Family tours, especially those featuring educational elements, stood out, with relevant flight orders reaching about 60 percent via Trip.com, 8 percentage points higher when compared with the same period in 2019.
Educational tours increased over 650 percent year-on-year, with online searches for them more than doubling. Bookings for such excursions account for 68 percent of Tongcheng-Elong's family orders for the summer so far.
Parents' focus on education for their children is the reason for their popularity, says a family summer tours report from Qunar, a Beijing-based online travel agency.
Beijing, Shanghai, Xinjiang Uygur autonomous region, Gansu province's Dunhuang and Shaanxi province's capital Xi'an are among the most popular destinations for family travelers.
Group tours are smaller than before, catering more to the demands of travelers for services of better quality, while an increasing number of family travelers have opted for self-drive recreational and sport utility vehicles during their trips, says Li Qian, learning tour business director with Trip.com.

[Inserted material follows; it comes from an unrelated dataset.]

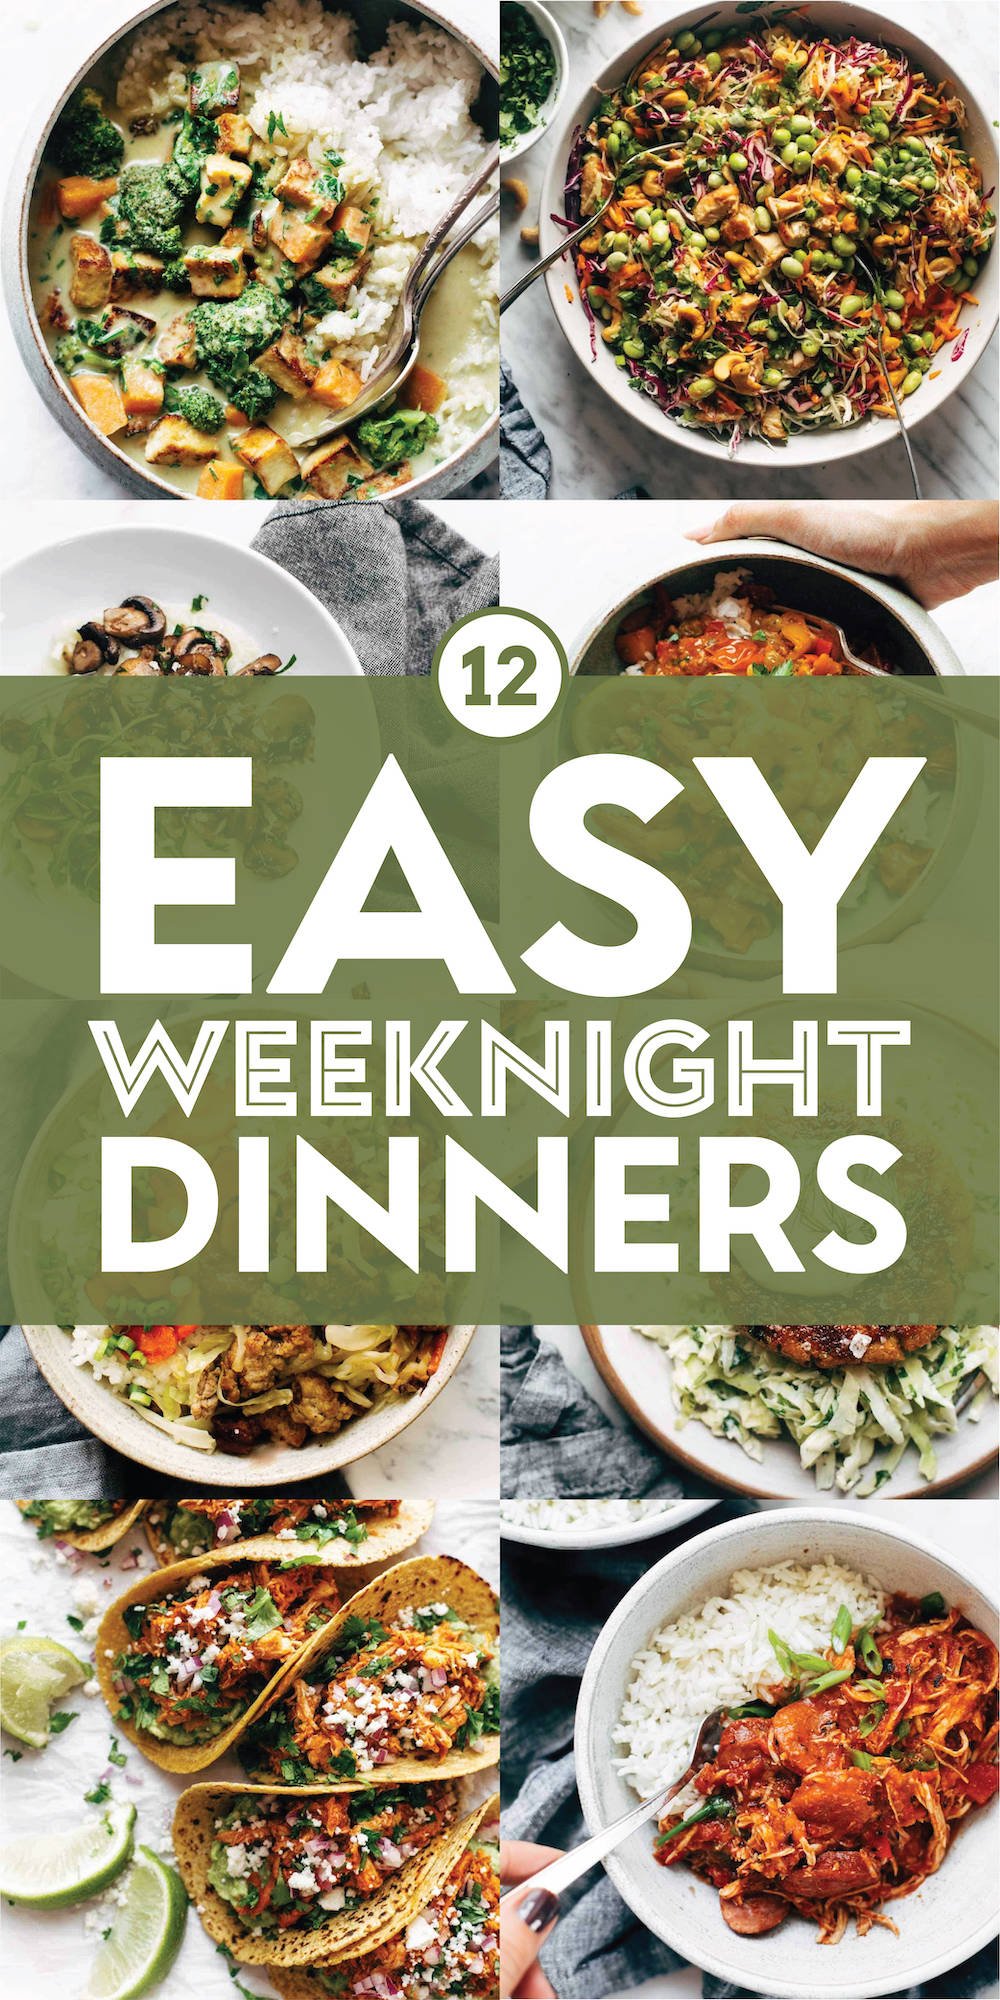 https://pinchofyum.com/wp-content/uploads/Easy-Weeknight-Dinners-Pin.jpg
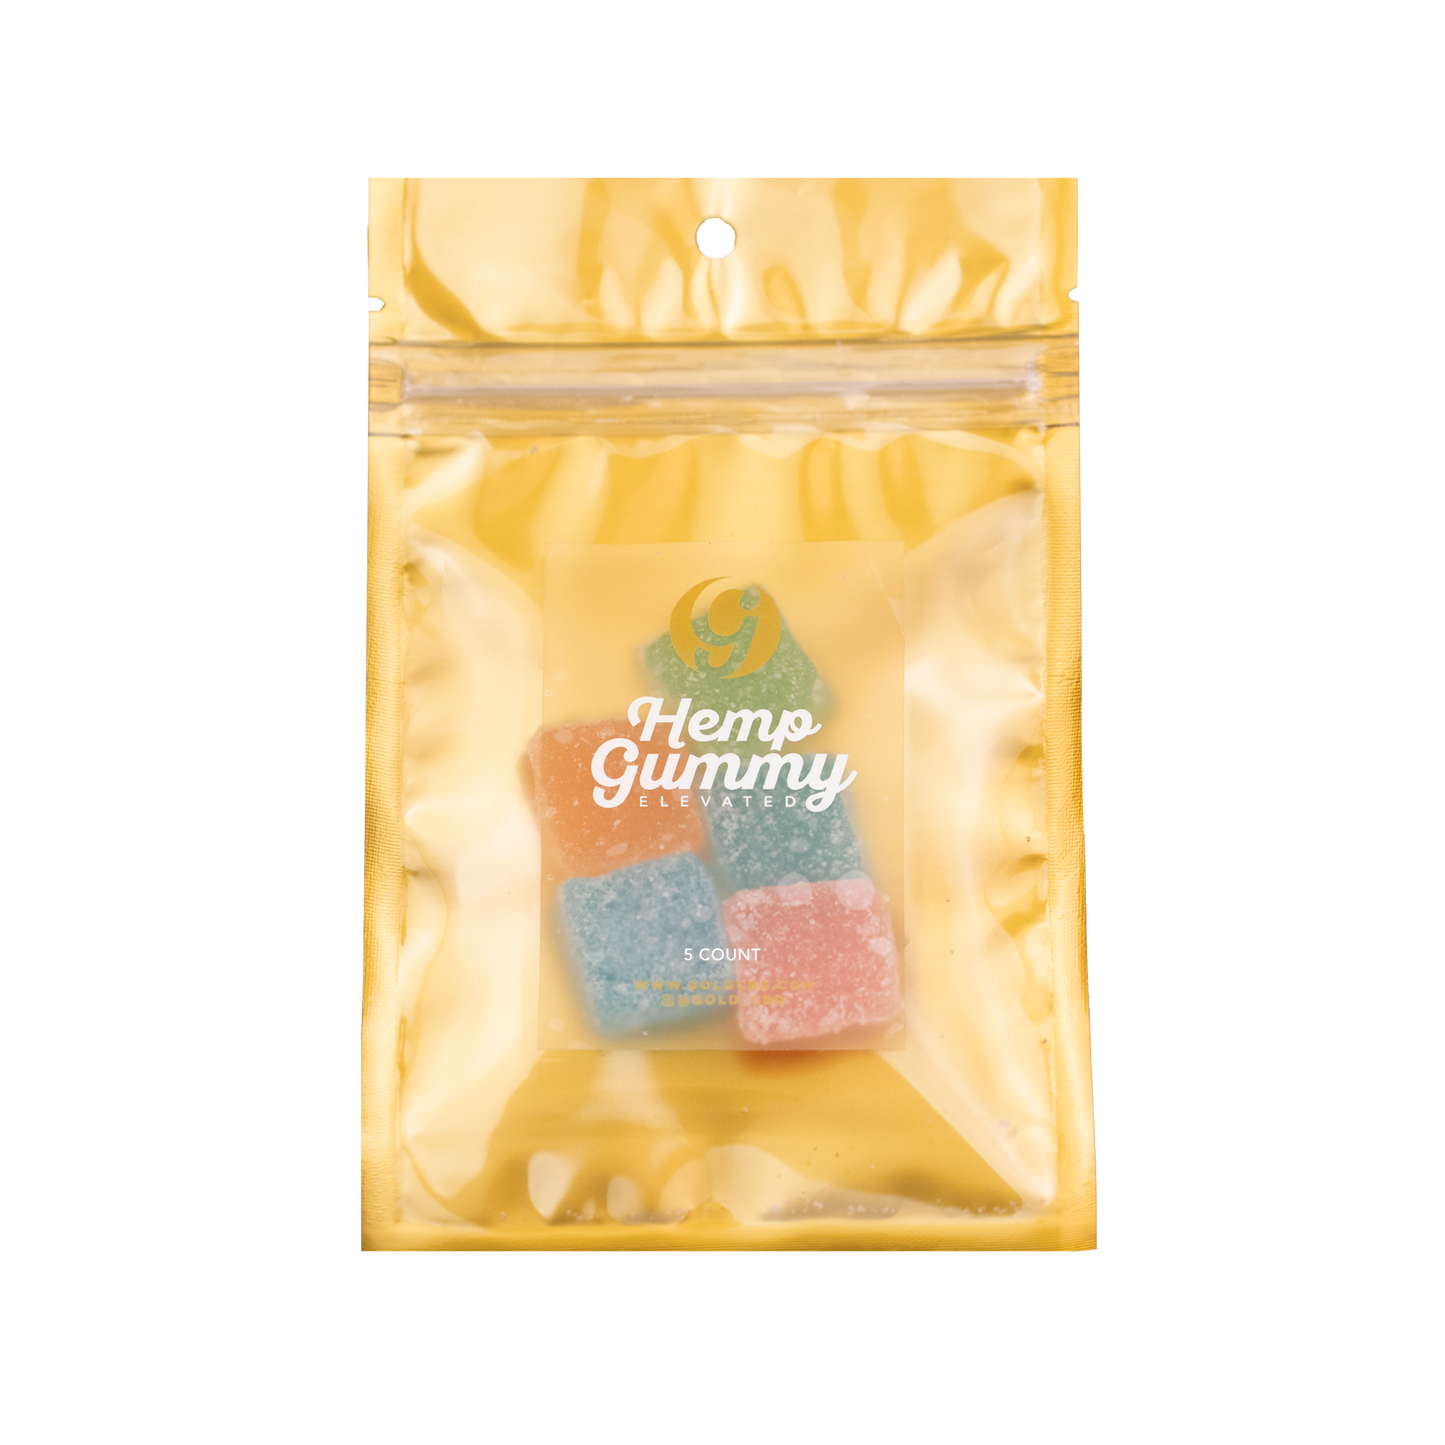 Case of 50MG Delta-8 Hemp Gummy 5 Count Bag (Qty. 12)

Tour suppliers have covered history, humanity, exploration, astronomy, science and themed camping sites, intended to entertain children aged between 4 and 16.
Space exploration tours in Xichang, Sichuan province, Yungang Grottoes history and art appreciation in Shanxi province, and national geography study in Shandong are very popular at the moment.
Overall spending on family tours rose 463 percent as compared with the 2020 summer, and average spending rose 84 percent, Trip.com shows.
Some high-end tours have been well received by the market.
The Beijing-based tourism website Qyer has invited experts from the Chinese Academy of Sciences and the Dunhuang Academy to guide young travelers during trips to China's Five-hundred-meter Aperture Spherical Radio Telescope (FAST) in Guizhou province or the Mogao Caves in Gansu.
Such educational tours are a fairly recent addition industry, and products of inconsistent quality have flooded the market.
However, as parents pay more attention to the diversity, individuality and quality of their children's travel experiences, Zhang Lu, a co-founder of Qyer believes that only services with the highest standards will survive in the long run.